When TTCU Federal Credit Union in Tulsa, Oklahoma, began exploring ways to help members manage their credit scores and improve their overall financial health a few years ago, it turned to a fintech for answers.
The credit union deployed its first real-time scoring product in 2019 through a partnership with SavvyMoney, a Dublin, California, financial technology firm that specializes in providing financial institutions with an analytics platform for reviewing member account data and assisting in launching tailored marketing campaigns.
"Credit scores are a vital component of our members' financial lives. … Providing them the means to track their scores and proactively work towards improving their scores directly contributes to our members' overall financial health," said Jeff Baenziger, vice president of digital strategies for the $2.7 billion-asset TTCU.
By employing key data from members who opted in to using the product — including recent card payments and borrowing activity — TTCU originated more than 611 loans totaling $13.6 million.
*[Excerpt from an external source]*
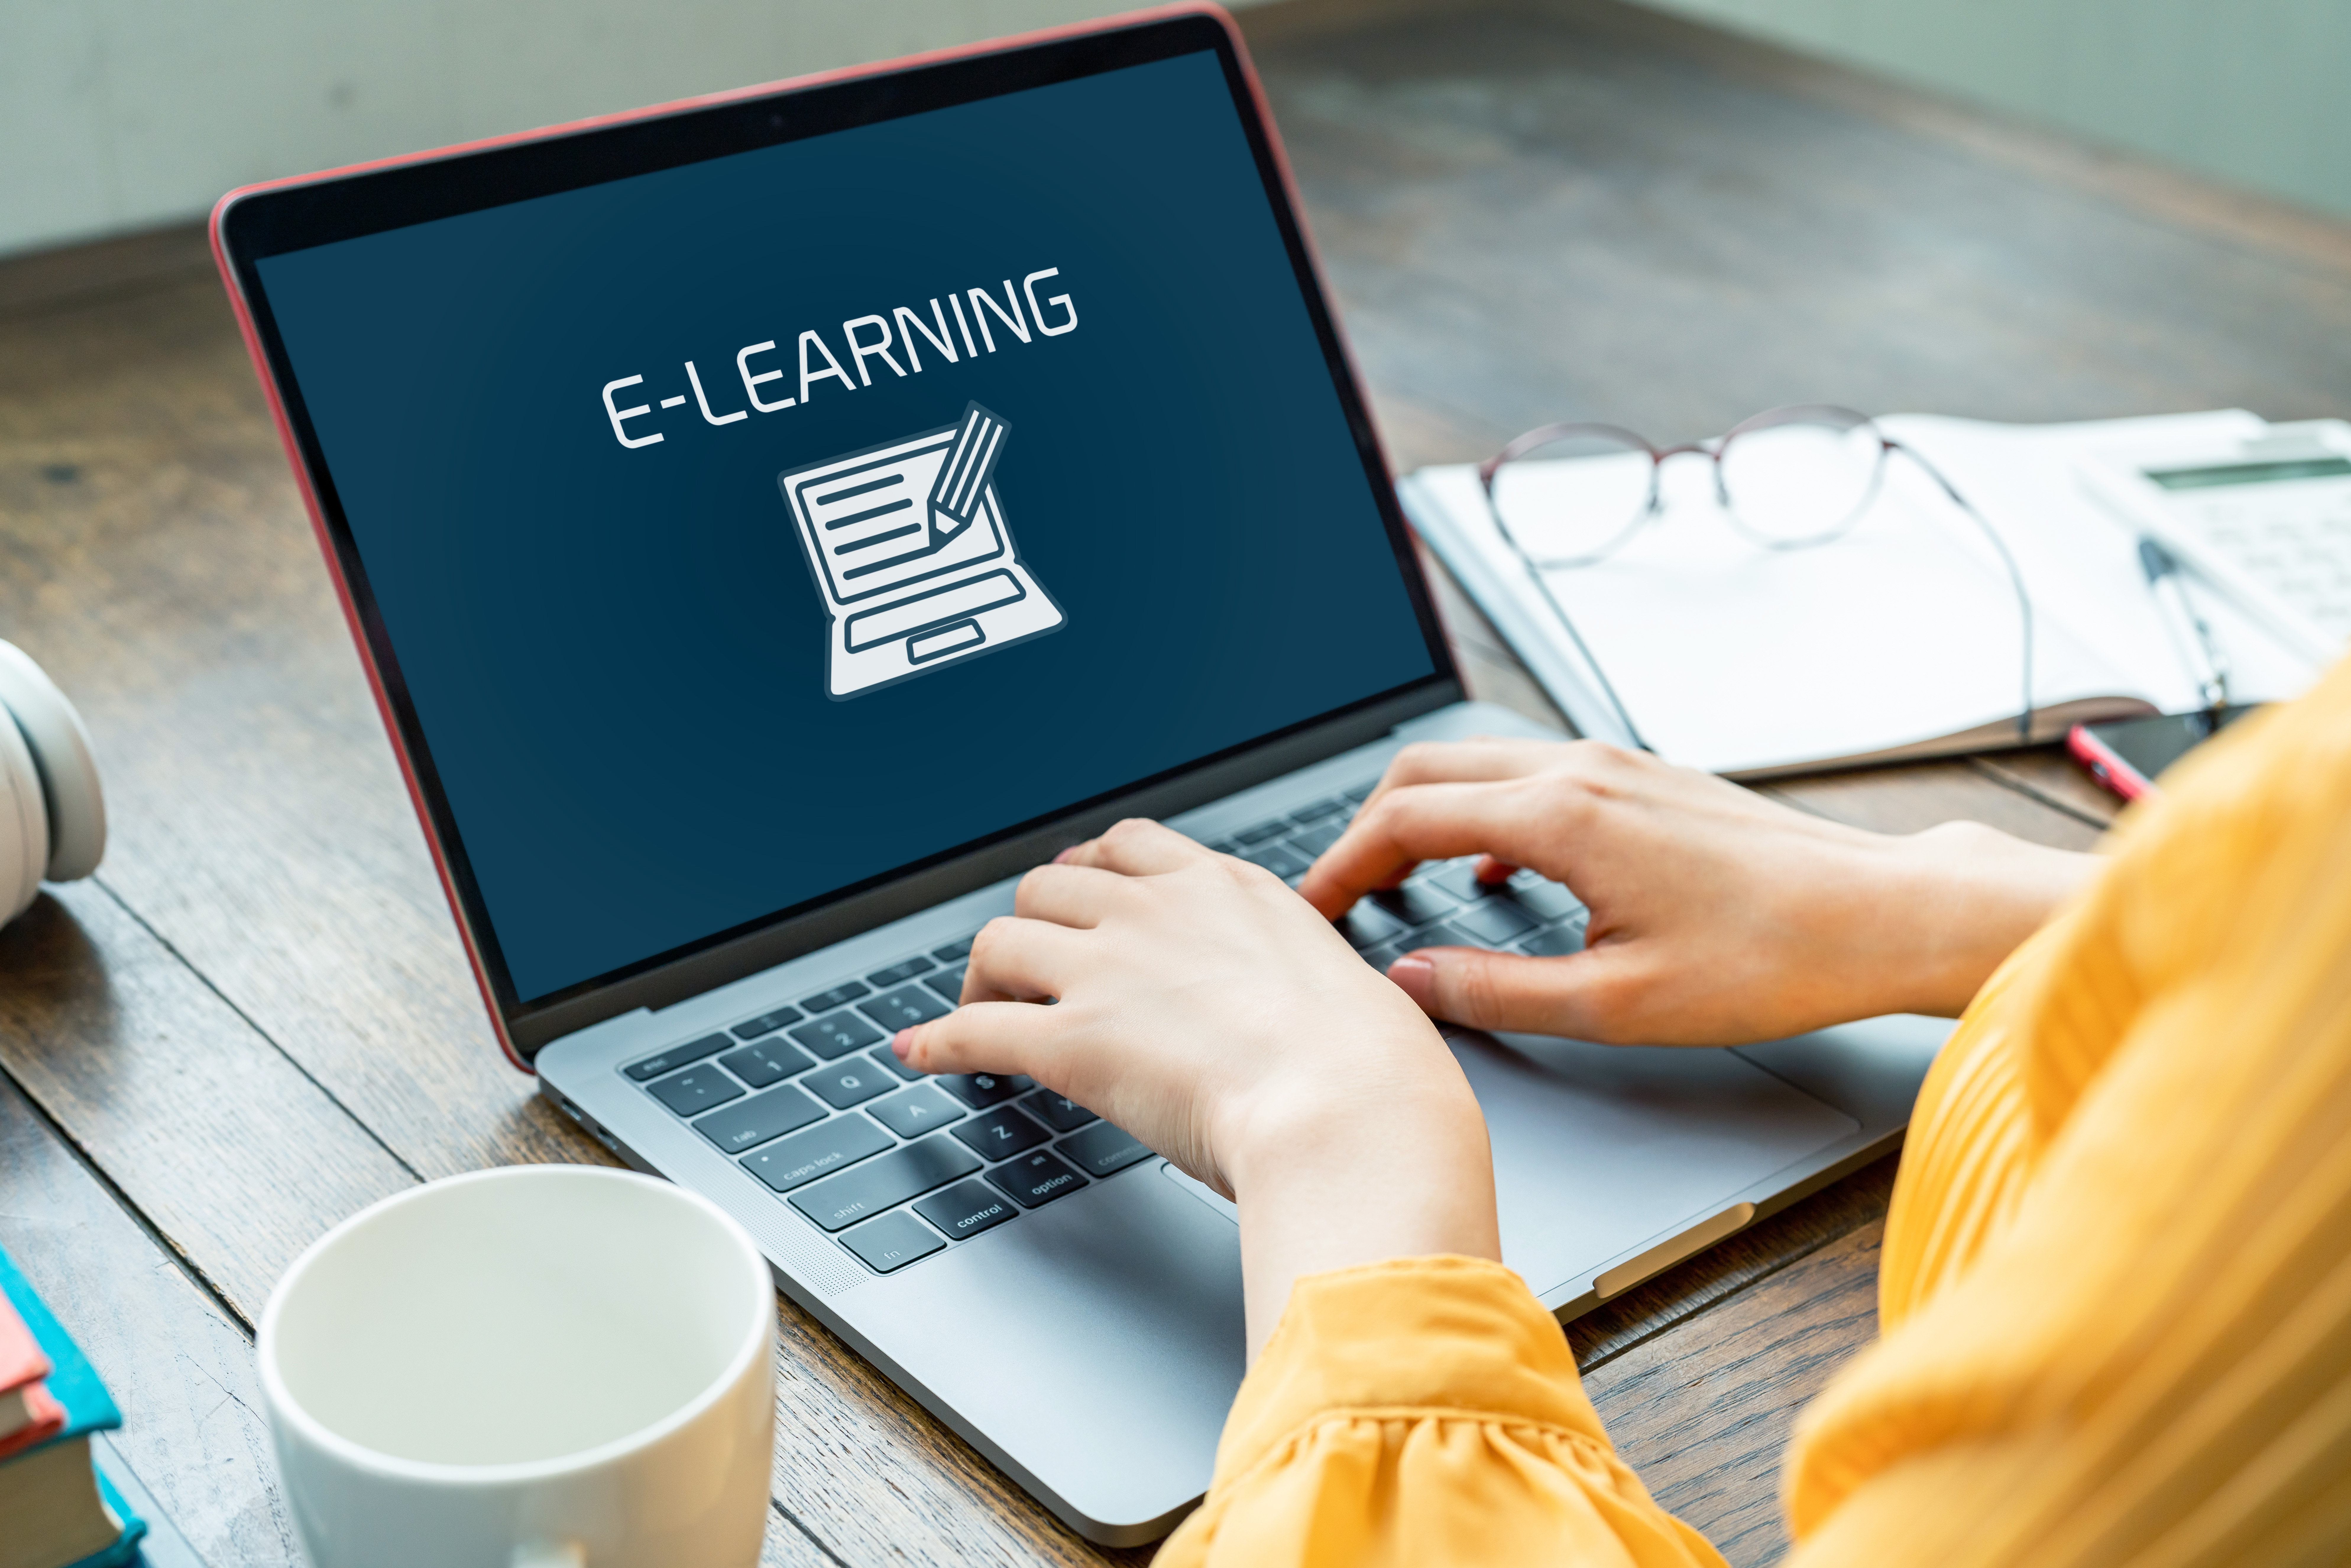 Урок электронные курсы. Обучение в интернете картинки. Электронное обучение e-Learning. Интернет образование.

Though that was a relatively small portion of its overall $1.7 billion lending portfolio last year, the loans satisfied a niche need that otherwise would have gone overlooked.
Wealth tools such as the scoring product can help the credit union better understand the spending habits of its members and develop pre-approved offers for financial products that deepen its relationship with members, Baenziger explained. That ability furthers its "financial wellness strategy for educating and empowering our members to have control over their financial lives," he said.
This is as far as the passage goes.